If you spend any time on the Osirium website (or any PAM vendor for that matter), you’ll soon start drowning in jargon and acronyms that are, at best, tricky while many are just confusing.
I’ve had several requests for a PAM FAQ (see, can’t help but use TLAs 🙂 ) and I’ll get to that at some point, but I thought I might as well just start collecting some thoughts together and ask for contributions. It won’t be a final or comprehensive list, so I’ll come back and update this list over time.
Before I start: There will be plenty of people that won’t like my definitions, or will actively disagree with them. That’s OK. I’ll take it on the chin and try to learn. I may ignore comments, but mostly I hope I’ll be learning.
PAM is the most common short version of Privileged Access Management. The short description might be taking control of administrator and similar valuable user or application credentials (i.e., usually, usernames and passwords). Find out more at https://osirium.com/pam.
Most devices, services and applications have users with more permissions than normal. Typically, they may be able to create or delete other users, change permissions, access personally identifiable data and much more. These are powerful accounts and should only be used by staff with the right experience and training. If the credentials for these accounts are compromised, they are the dream rewards for an attacker as they can be used to move around the network and access valuable resources and data. A modern PAM solution like Osirium’s PxM Platform includes a secure password vault, session recording, analytics, flexible integrations for credential injection and much more. As security tools need administrator access to keep systems safe, Privileged Access Management (PAM) has to be a critical part of any cybersecurity strategy.

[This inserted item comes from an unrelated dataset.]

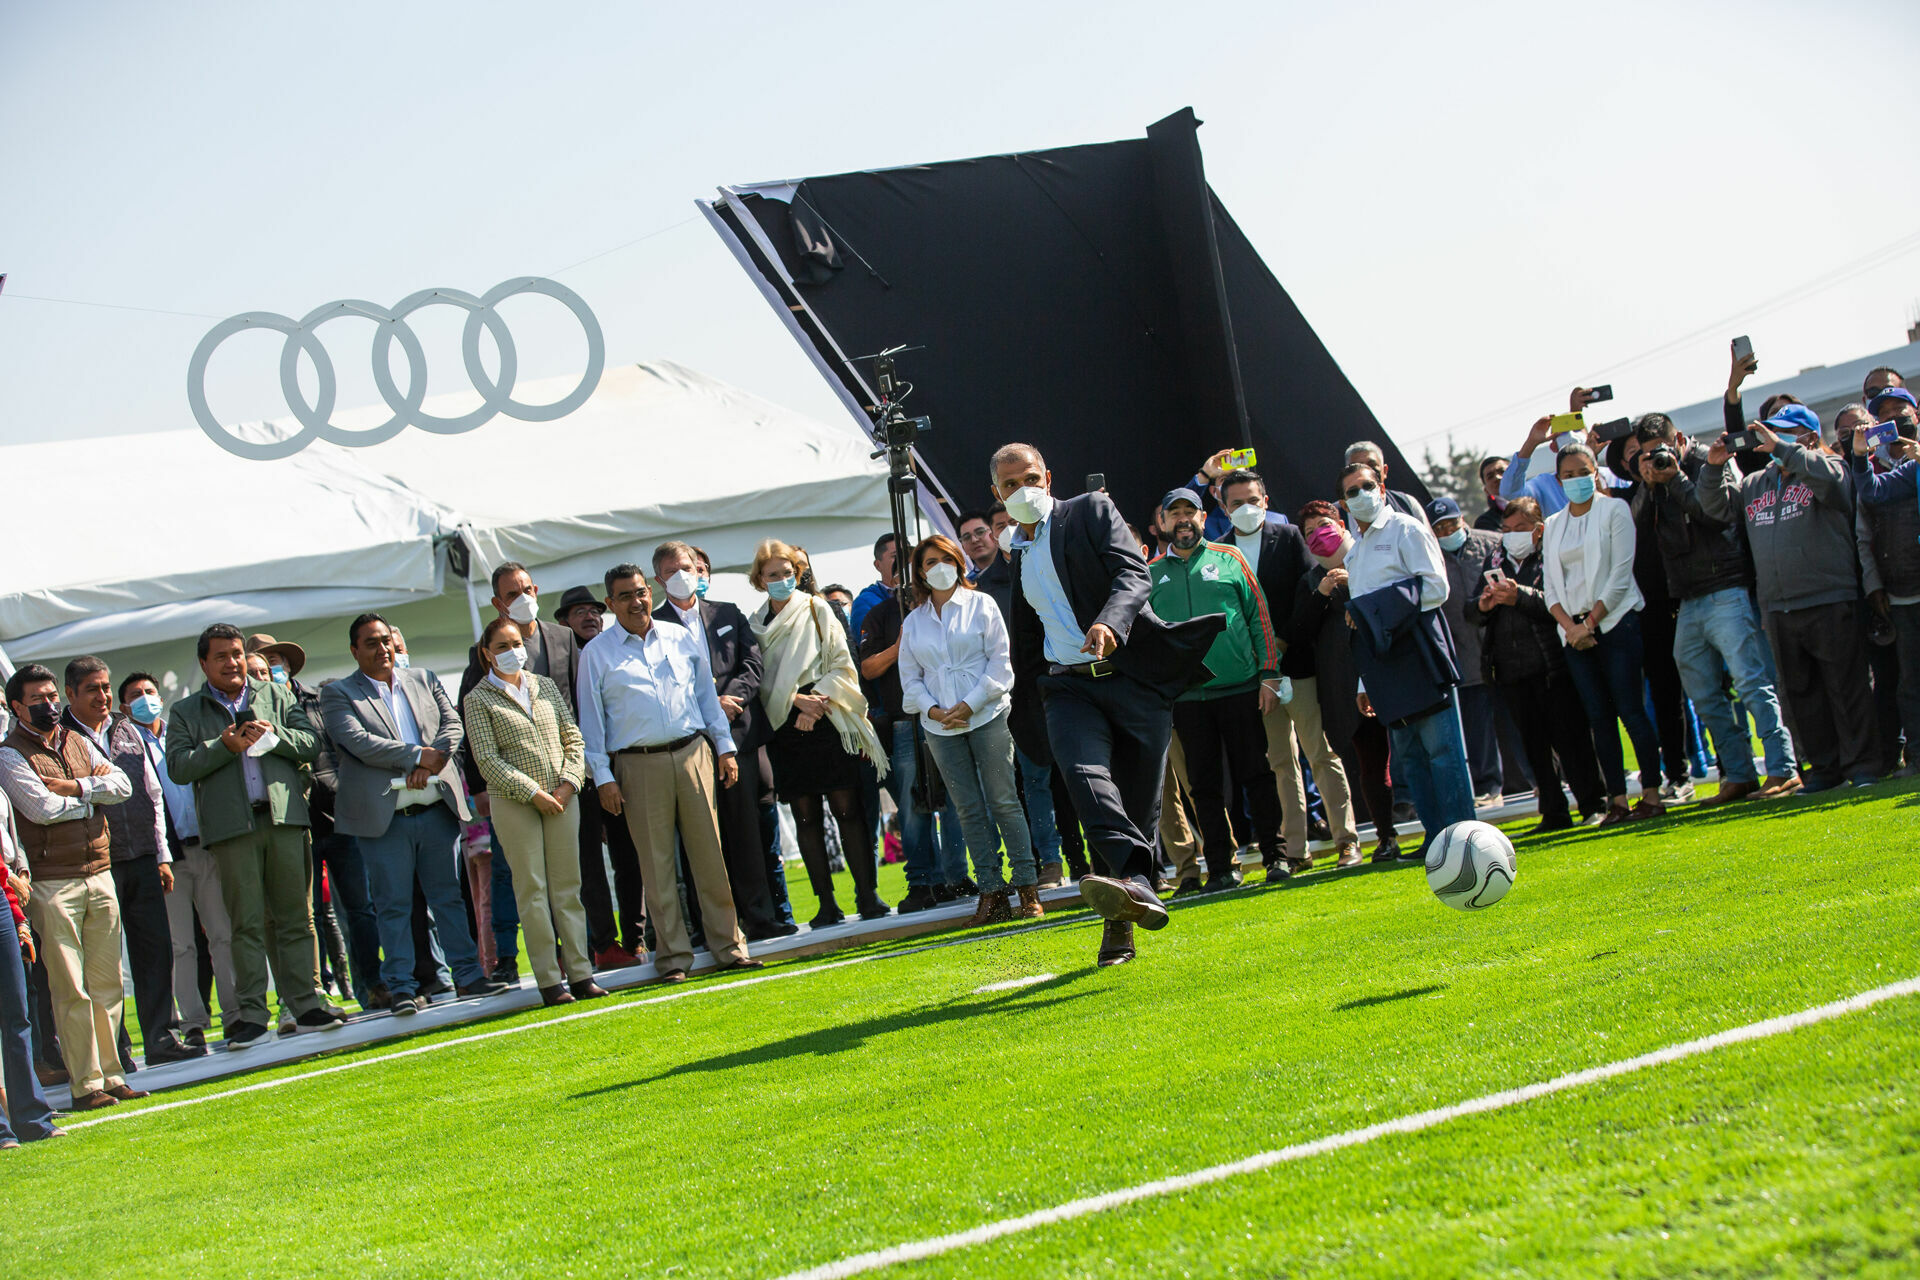 Audi Mexico and San Jose Chiapa inaugurate Sports Park

PPA, also known as Privileged Process Automation, is a new breed of process automation used by IT infrastructure and operations teams to automate cross-system processes. The automation is wrapped in a great user experience so that complex operations that need privileged account credentials can be delegated to first-line help desk engineers or even to end-users.
Privileged Process Automation, known as PPA, is a powerful tool for IT infrastructure and operations teams to automate complex repetitive tasks. Robotic Process Automation (RPA) has had some success in automating relatively simple but highly repetitive business processes. However, they aren’t appropriate for more complex tasks as seen in IT teams or where an element of human review, decision-making and confirmation are needed. When all admins are overworked, the opportunity to automate and safely delegate repetitive tasks is better for end-users and lets admins get on with more interesting work. For more information, see https://osirium.com/ppa.
PEM, also known as Privileged Endpoint Management, is Osirium’s solution for removing local administrator accounts from Windows computers without slowing down end-users while also reducing the load on IT help desks.
Privileged Endpoint Management (PEM) allows approved applications to be run with elevated privileges, what would typically be by using the “Run as Administrator” option on an applications context menu. Importantly, the privileges of the application are elevated without exposing valuable administrator credentials or having to call the IT help desk. Find out more at https://osirium.com/pem.
Privileged Access Security, or PAS, is Osirium’s solution that takes a holistic view of managing privileged accounts and automation. It includes PAM to protect shared devices and services, PPA for secure IT operations automation and PEM for managing privileged application execution on endpoints.
These acronyms, and others, are all variations of the capabilities of a modern PAM solution like Osirium’s PxM Platform. They stand for a variety of features including Privileged Access Session Management, Privileged Elevation and Delegation Management, Superuser Privileged Management, Shared Account Password Management.
IAM, or Identity Access Management, deals with users identifying who they are. It may include multi-factor authentication and password lifecycle management (e.g. rules for password rotation, complexity, creation and deletion etc.) It’s distinguished from PAM because it only deals with “who” the user is, not the “what” they’re able to do. An earlier blog is an excellent discussion of the topic.
Identity Governance & Administration (IGA) is closely related to IAM but often includes more tools for controlling password lifecycles.
These are short forms of Enterprise Credential Vault and Enterprise Password Vault. As the name suggests, they are essentially password stores which can be useful but, just like IAM, aren’t a solution for managing Privileged Accounts.